El desideratum de la pedagogía clásica consistía en formar jóvenes sanos con espíritu sano. Es cierto que no resulta fácil alcanzar la excelencia a pesar de los buenos propósitos, y en los libros de Historia tenemos abundantes ejemplos de gentes degeneradas y perversas que escalaron incluso la más alta magistratura del Estado. Pero lo grave es que ahora ni los políticos proponen a la sociedad un modelo de ciudadano, ni los educadores sugieren a los chicos un ejemplo de persona, contrariados por unas torpes leyes de educación que se lo impiden.

Aquella aspiración de la ''mens sana in corpore sano'' se ha convertido, por dejación, en ''mens insana in corpore insano'', que, en la acepción lata del adjetivo original no se refiere sólo a la salud y su carencia, sino a la cordura, el buen gusto y el recto criterio, y a la falta de juicio, a la violencia, la maldad y la desmesura. Y vean a dónde nos conduce la incompetencia satisfecha de ciertos dirigentes sin cultura, orientación, ni criterio, cuando se postulan para orientar a los demás con improvisación irresposable, sin saber a dónde ir.
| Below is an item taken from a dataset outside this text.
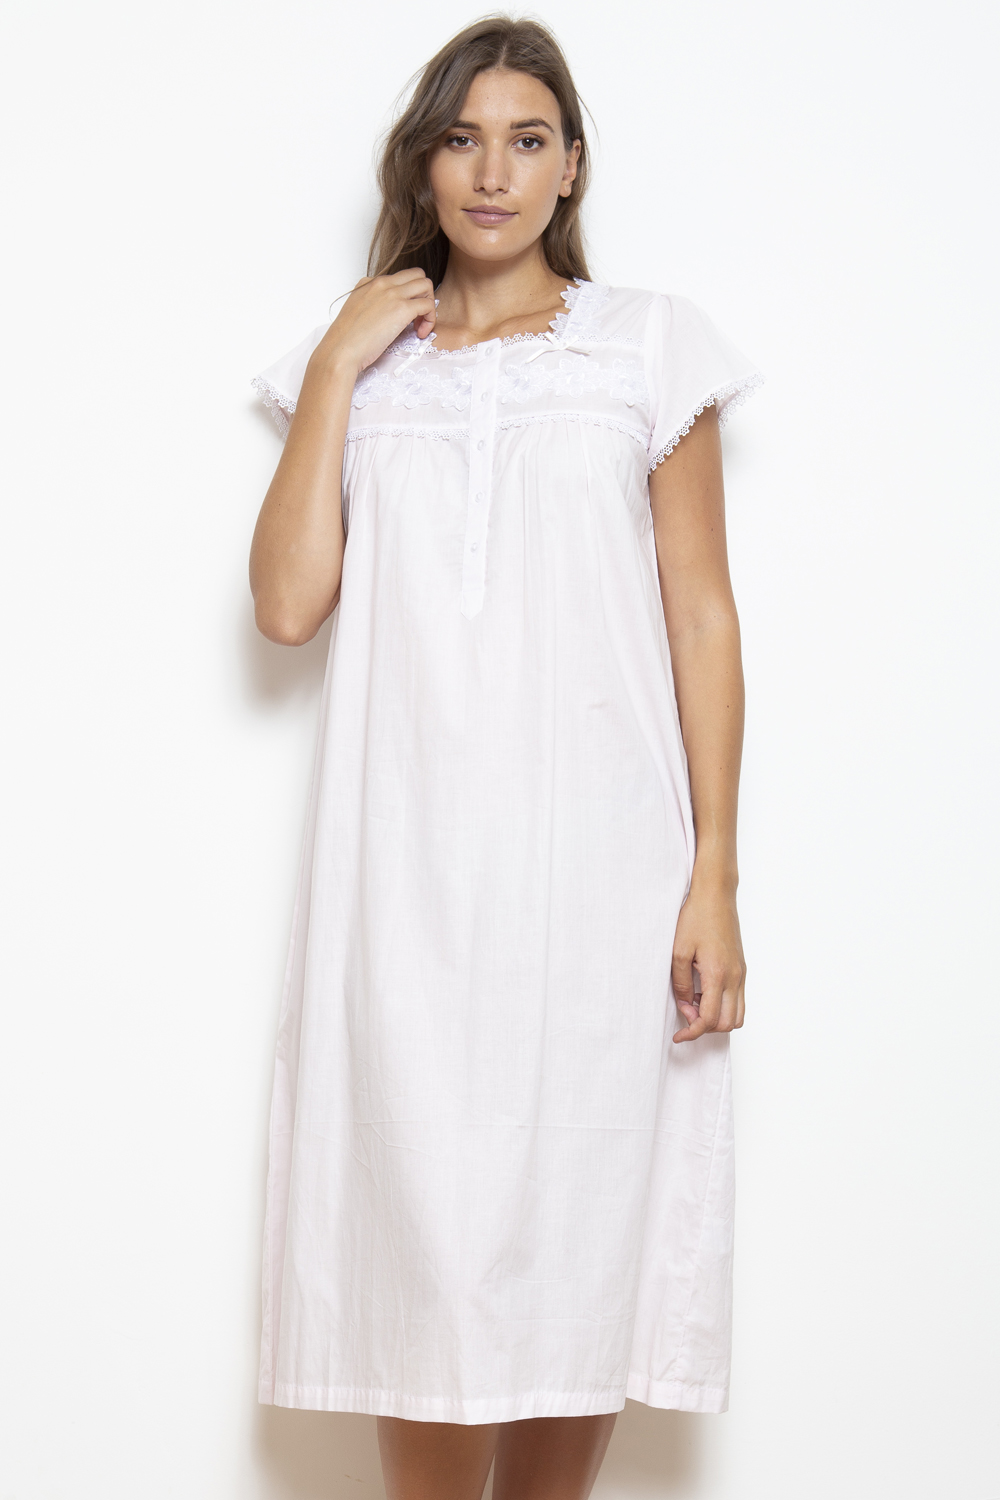 white cotton nightdresses

Menos mal que alguien ha caido en la cuenta de que los niños españoles han alcanzado niveles de obesidad y colesterol idénticos a los norteamericanos, y unos médicos reunidos estos días en Zaragoza están alertando al pasaje, cuando ya ha descarrilado, de los malos hábitos alimenticios y culturales auspiciados por la pereza de quien se ocupa de ellos, el abandono de la dieta mediterránea tan inutilmente ponderada ahora, y la ingesta de alimentos insanos y de baja calidad. Tal vez ya sea tarde.

Por otra parte, ayer mismo, el Defensor del Pueblo don Enrique Múgica Herzog tuvo la valentía de denunciar a las poderosas televisiones en manos de inconscientes, ante la Comisión Mixta Congreso Senado, poniendo el cascabel al gato al recordarles que constituyen un servicio público aunque sean privadas y al criticar la perniciosa programación y el inoportuno horario de ciertos espacios ''atiborrados de imágenes zafias y cotilleos abyectos'' que ocasionan ''evidentes perjuicios'' a los escolares que regresan a casa, porque socavan todos los valores que puedan haberles inculcado sus profesores.

Por fortuna, unos profesionales de la medicina han tomado conciencia oficial y corporativamente del problema, y el Defensor del Pueblo ha expuesto valientemente el taimado proceso de deformación moral y aculturación a que estamos sometiendo nuestros hijos. Si sumamos a ello que los planes de estudio no los motivan ni estimulan, que se renuncia a exigirles dedicación y esfuerzo, y que se les reconocen todos los derechos sin ningún deber, haciéndoles creer que todo en la vida es gratis, podemos imaginar el futuro que les estamos preparando.

El presente es conocido y lo han descrito en el Simposio de Zaragoza: niños desinteresados, enemigos del esfuerzo y sin imaginación -porque tienen todo lo imaginable-, que se atiborran de pastas industriales a base de sucedáneos de baja calidad y grasas colesterolémicas, ''chuches'' y porquerías, desvencijados en un sillón, viendo programas de televisión inadecuados -¡incluídos muchas veces los de dibujos animados!- durante tres horas y media, o cuatro al día.

Ahora ya sabemos lo que no debe hacerse. Menos mal. Aun que tarde, es el momento de poner remedio enérgico y urgente, actuando contra los fabricantes que nos envenenan a los niños y contra los programadores que los idiotizan.